From Arctic Ice Re-Thickening to Space Mirrors - UK Funds Innovative Research to Cool the Climate
In 2025, the UK’s Exploring Climate Cooling Programme funded 22 scientific projects to explore innovative climate intervention methods designed to cool the planet and slow the onset of critical climate changes. These initiatives span atmospheric, oceanic, and space-based approaches, each aimed at building foundational knowledge and testing feasibility. Here are some of the key projects.
Image: New Scientist
Re-Thickening Arctic Sea Ice
- The University of Cambridge
This project investigates whether deliberately thickening Arctic sea ice during winter could help slow summer melt, reduce regional warming, and limit further ice loss. The approach involves pumping seawater from beneath the ice and spreading it on the surface, where freezing temperatures rapidly form thicker ice layers.

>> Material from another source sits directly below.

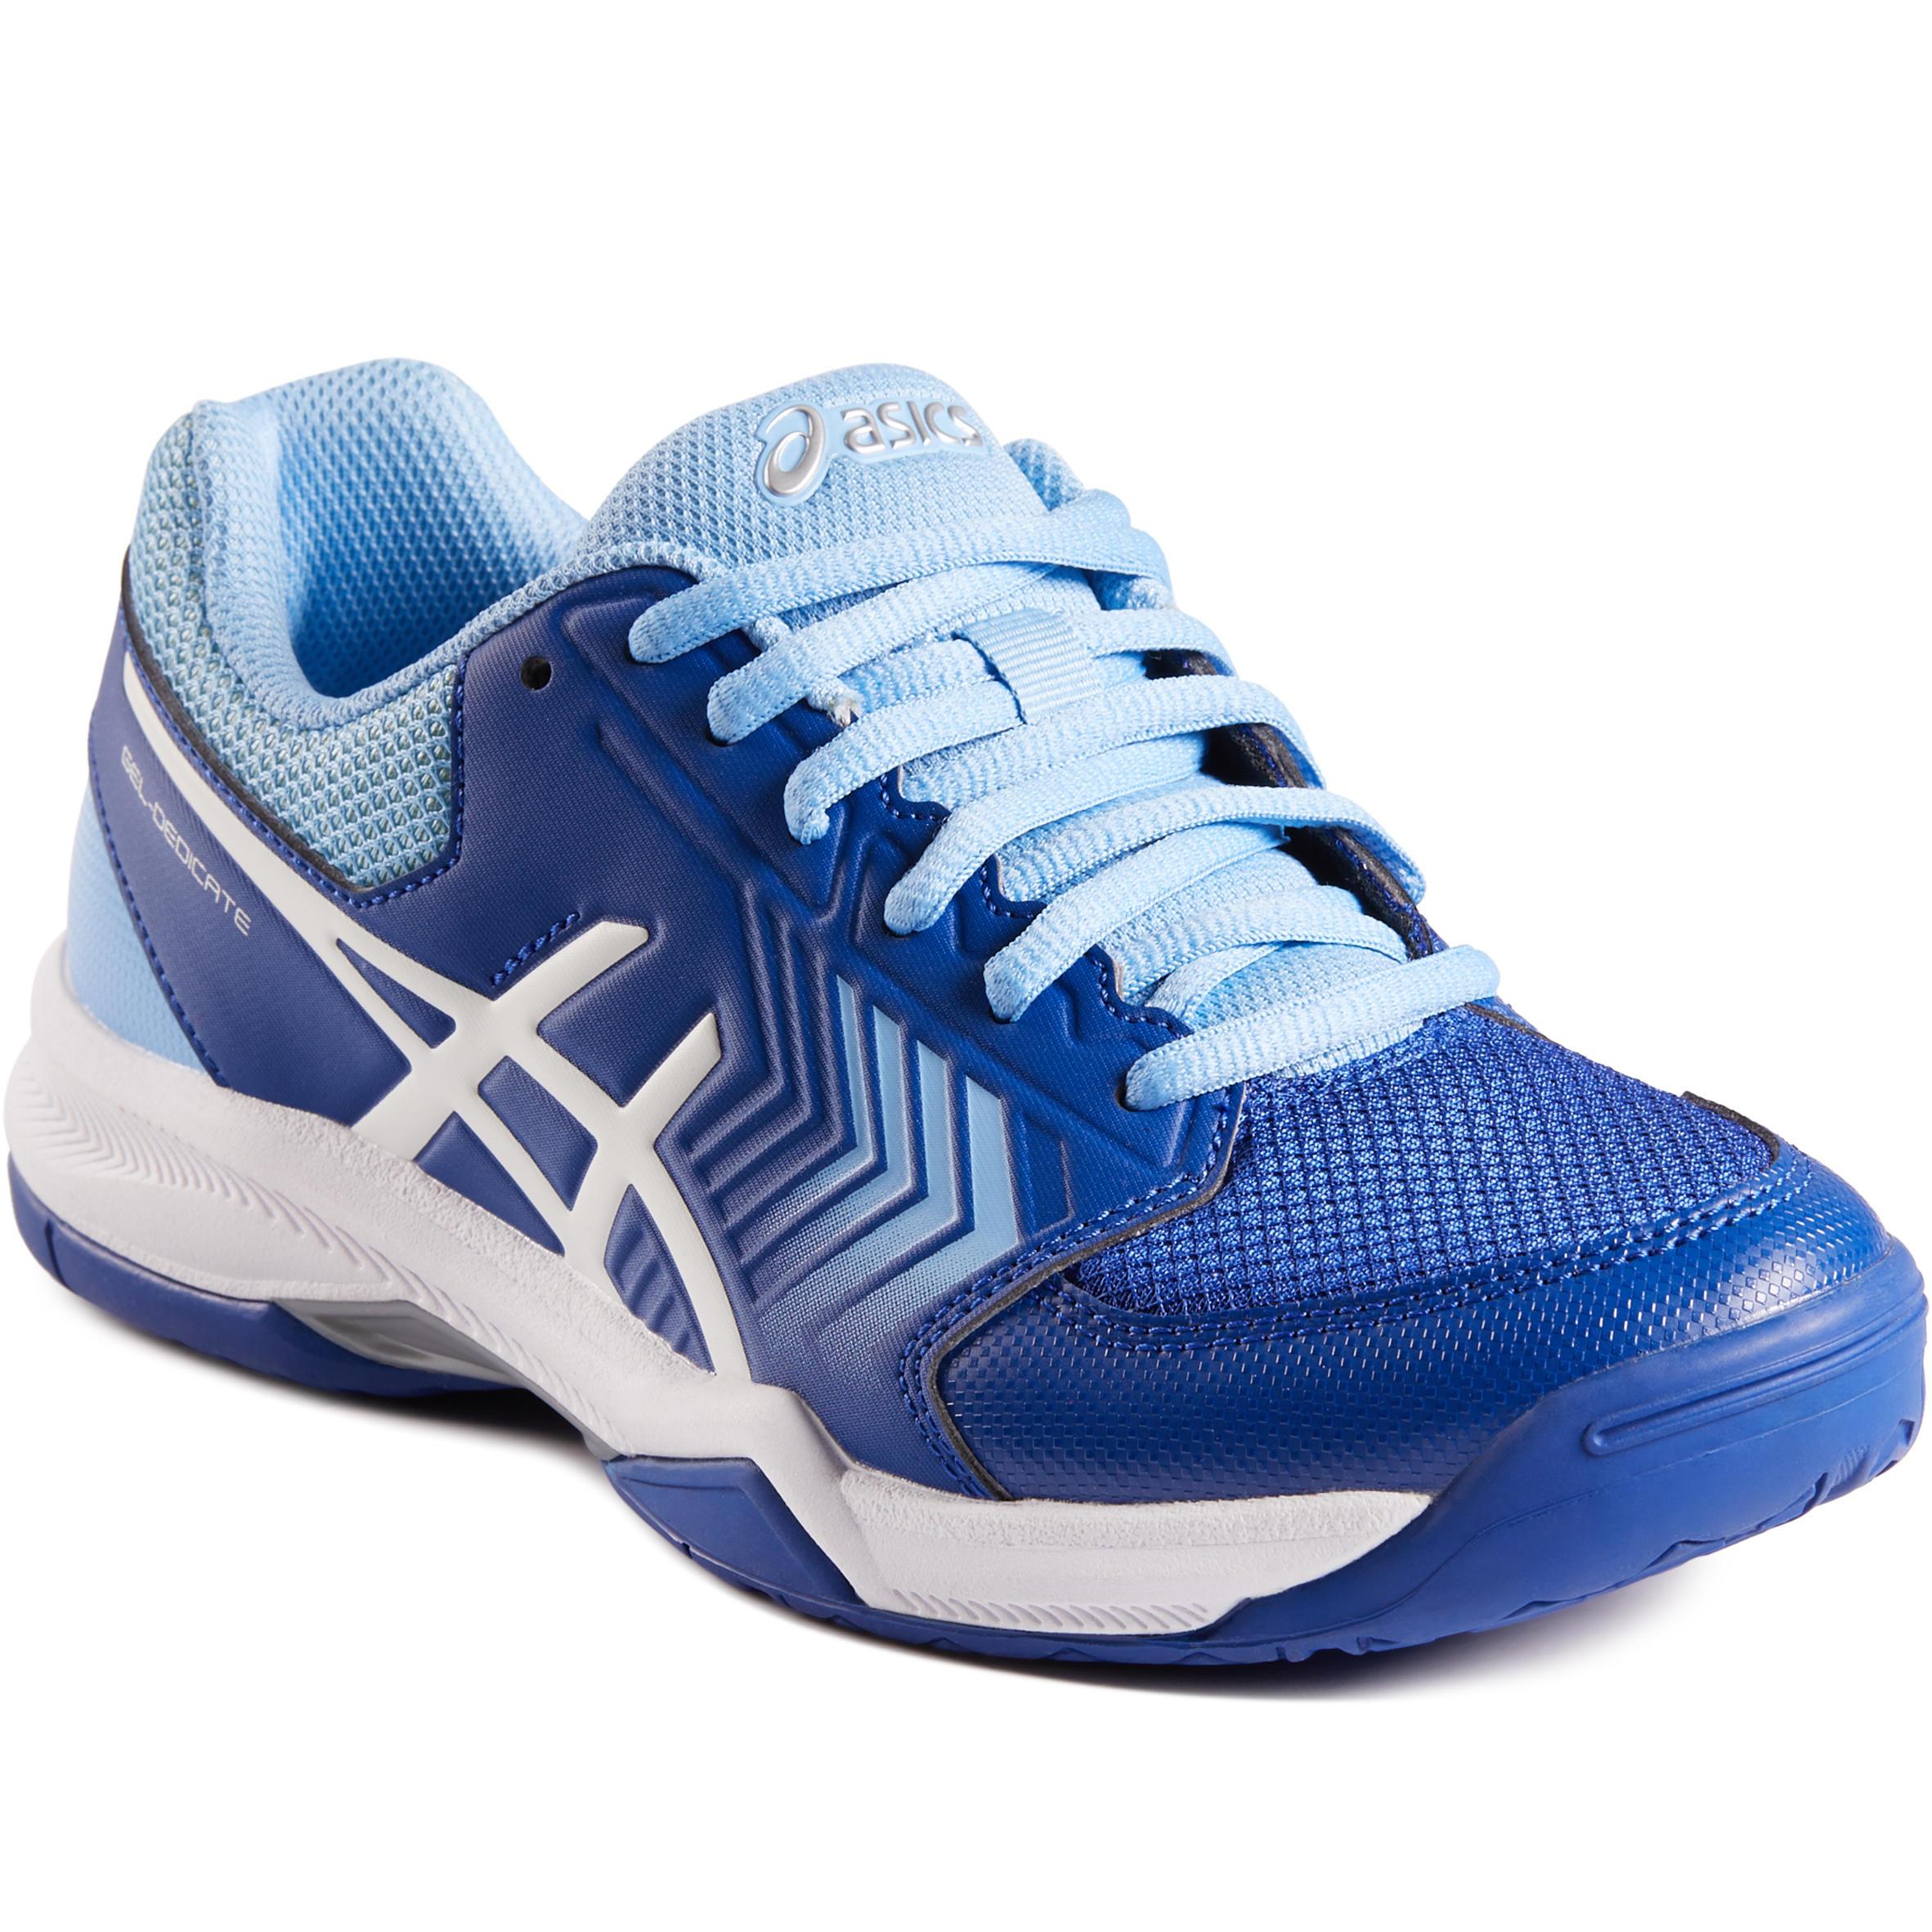 Asics Tennisschoenen voor dames Asics Gel Dedicate blauw

Controlled, small-scale experiments will take place in Canada over three winter seasons, from 2025-26 to 2027-28.
Cirrus Modification
- The Imperial College London
High-altitude cirrus clouds contribute to overall warming, yet predicting and modelling their formation remains challenging, creating a key uncertainty in climate projections. A major factor in this uncertainty is the limited knowledge of ice nucleating particles, tiny atmospheric particles on which cirrus clouds form.
The team aims to deepen our fundamental understanding of cirrus cloud formation, generating essential baseline knowledge to assess whether deliberately thinning these clouds could ever provide a safe and reliable way to cool the climate.
Increasing Cloud Reflectivity Using Seawater Sprays
- The Southern Cross University
This project focuses on Marine Cloud Brightening (MCB), a technique designed to cool specific regions by increasing cloud reflectivity through seawater sprays. Building on previous small-scale outdoor experiments conducted with local communities around Australia’s Great Barrier Reef, the team aims to deepen understanding of the atmospheric and microphysical processes involved and assess whether MCB could work safely and effectively in real-world conditions.
Space-Based Solar Reflectors
- The University of Glasgow
Highly speculative technologies, such as space-based solar reflectors, require careful early-stage evaluation. This project examines the technical feasibility of using space-based approaches to cool the Earth.
Conducted as a desk-based study, it explores the initial engineering steps and challenges of a hypothetical small-scale mission to test a space-based sunlight reflector, providing a conceptual understanding of the requirements for such an intervention.
Cloud Brightening with Electric Charge
- The University of Reading
This project explores the use of controlled electric charges to influence water droplets in fogs and clouds as an alternative to seawater spraying. The research aims to determine whether carefully managed electrical charges could provide a safe and effective way to increase cloud reflectivity.
Natural Materials for Stratospheric Aerosol Injection
- The University of Cambridge
Stratospheric Aerosol Injection (SAI) is a widely discussed potential method for cooling the climate, but commonly proposed materials, such as sulfates, pose significant risks, including ozone depletion and toxicity. Determining whether safer, alternative materials could be feasible and effective for SAI remains a critical unanswered question. The project will conduct fundamental research to investigate the properties and behavior of innovative, non-toxic, non-sulfate materials under carefully controlled conditions.
The programme emphasizes that these are exploratory studies, not deployment initiatives. The primary aim is to generate critical scientific data to inform future climate strategies.